== Segment start ==
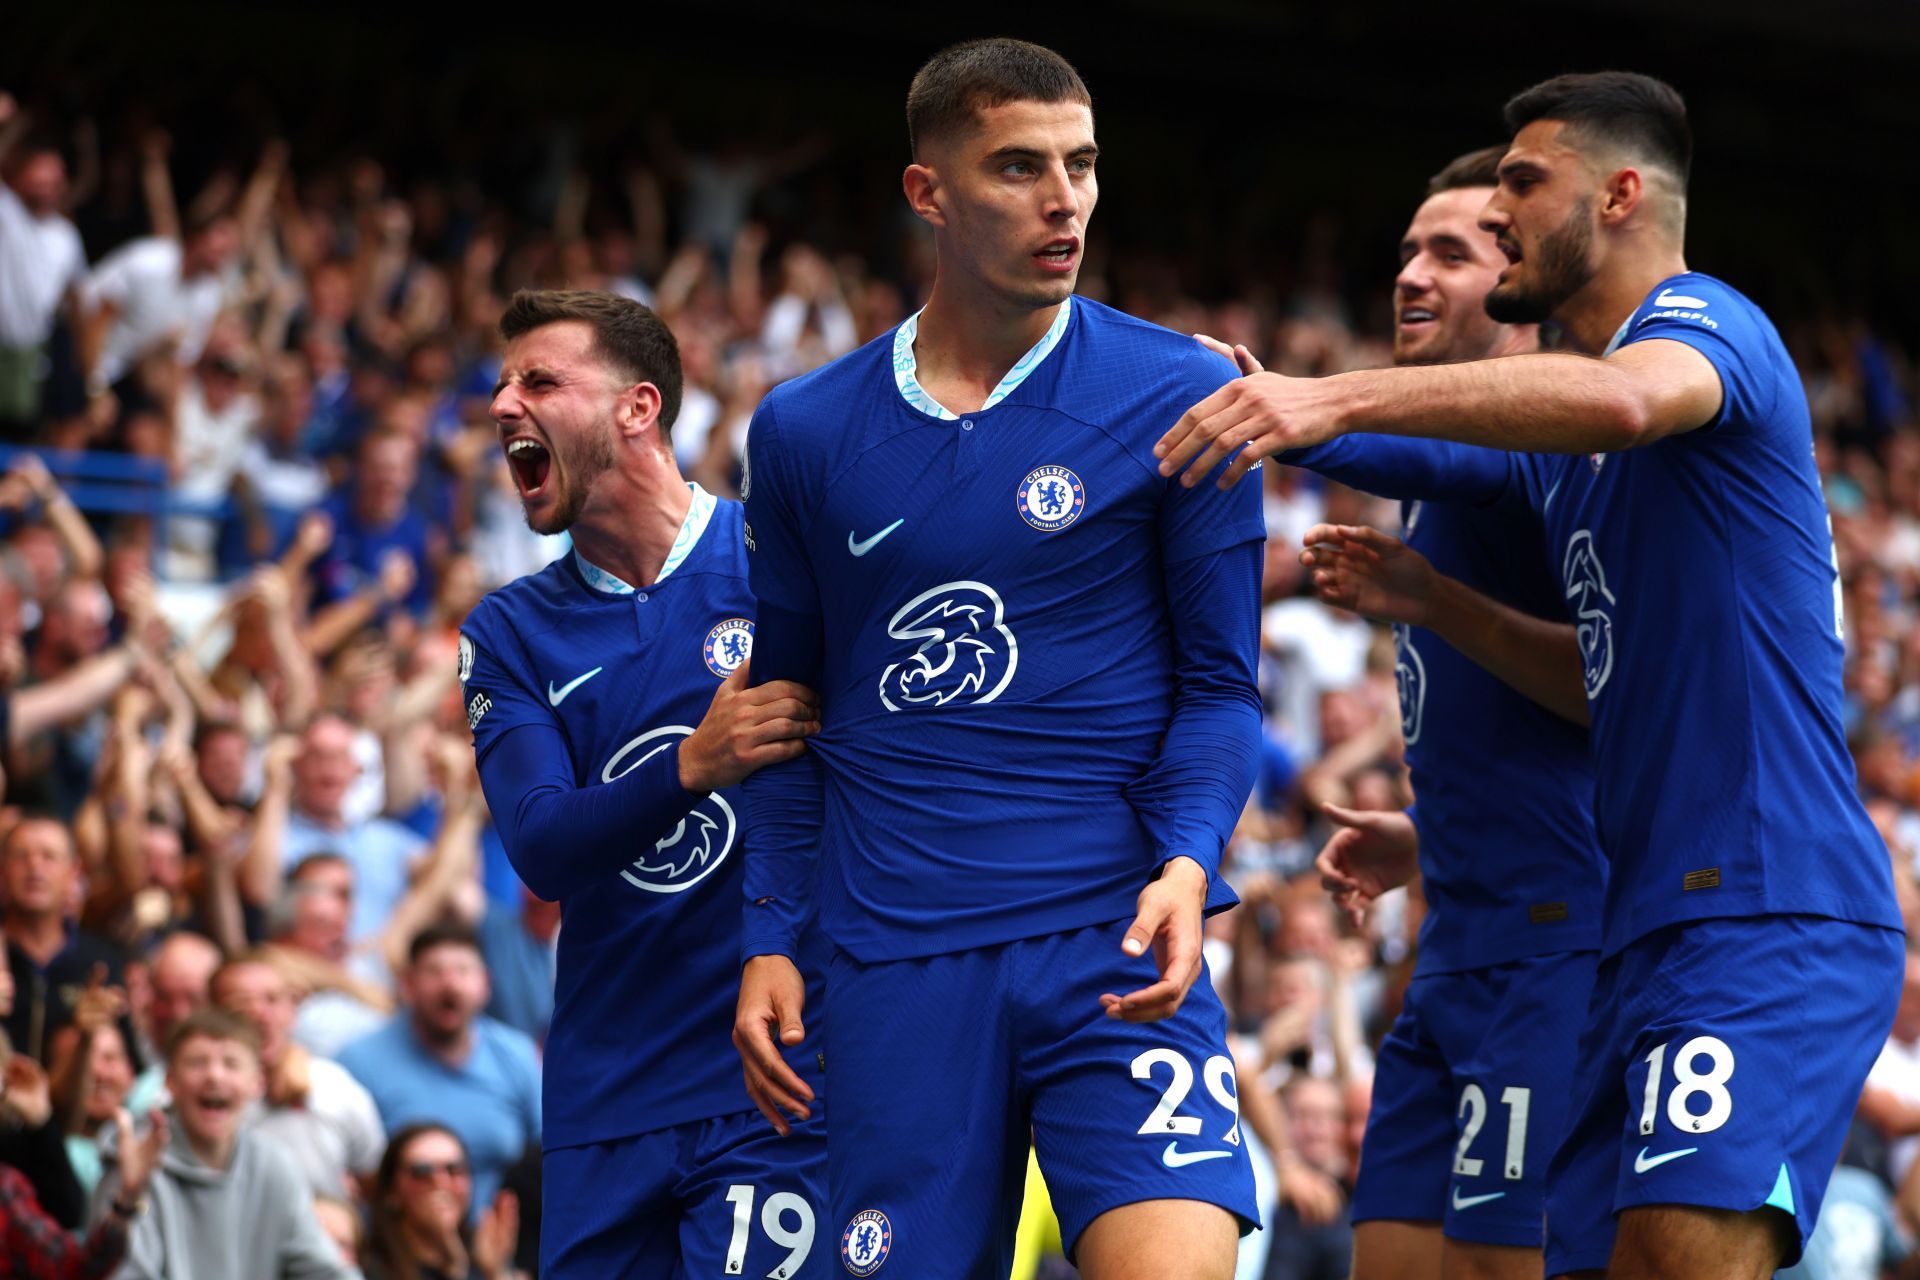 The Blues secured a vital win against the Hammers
== Segment end ==
== Segment start ==
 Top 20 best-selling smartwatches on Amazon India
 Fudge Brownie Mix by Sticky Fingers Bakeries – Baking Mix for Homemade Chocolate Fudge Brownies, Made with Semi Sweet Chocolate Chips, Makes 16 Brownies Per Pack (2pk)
== Segment end ==
== Segment start ==
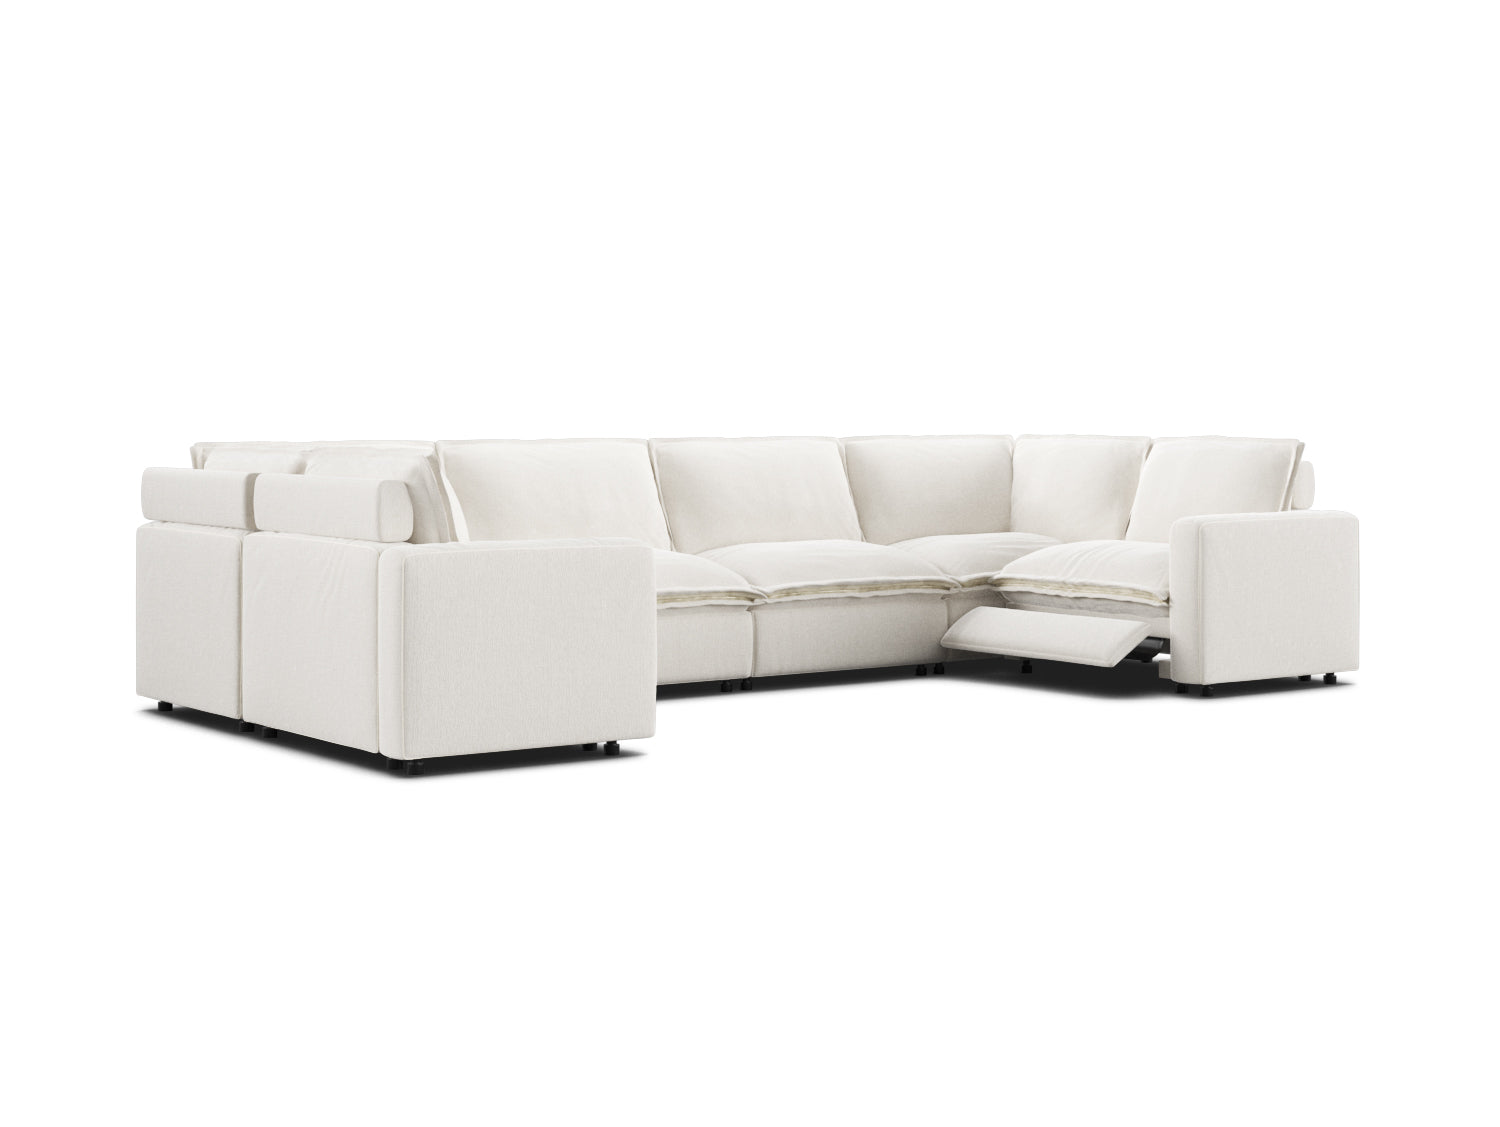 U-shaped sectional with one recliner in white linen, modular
== Segment end ==
• [EXERCISE] When the line with "Top 20 best-selling" is reached in the data above, start copying there, and copy each line exactly until the line with "Fudge Brownie Mix" has been copied; copy nothing else.

• [ANSWER TO THIS TASK]
 Top 20 best-selling smartwatches on Amazon India
 Fudge Brownie Mix by Sticky Fingers Bakeries – Baking Mix for Homemade Chocolate Fudge Brownies, Made with Semi Sweet Chocolate Chips, Makes 16 Brownies Per Pack (2pk)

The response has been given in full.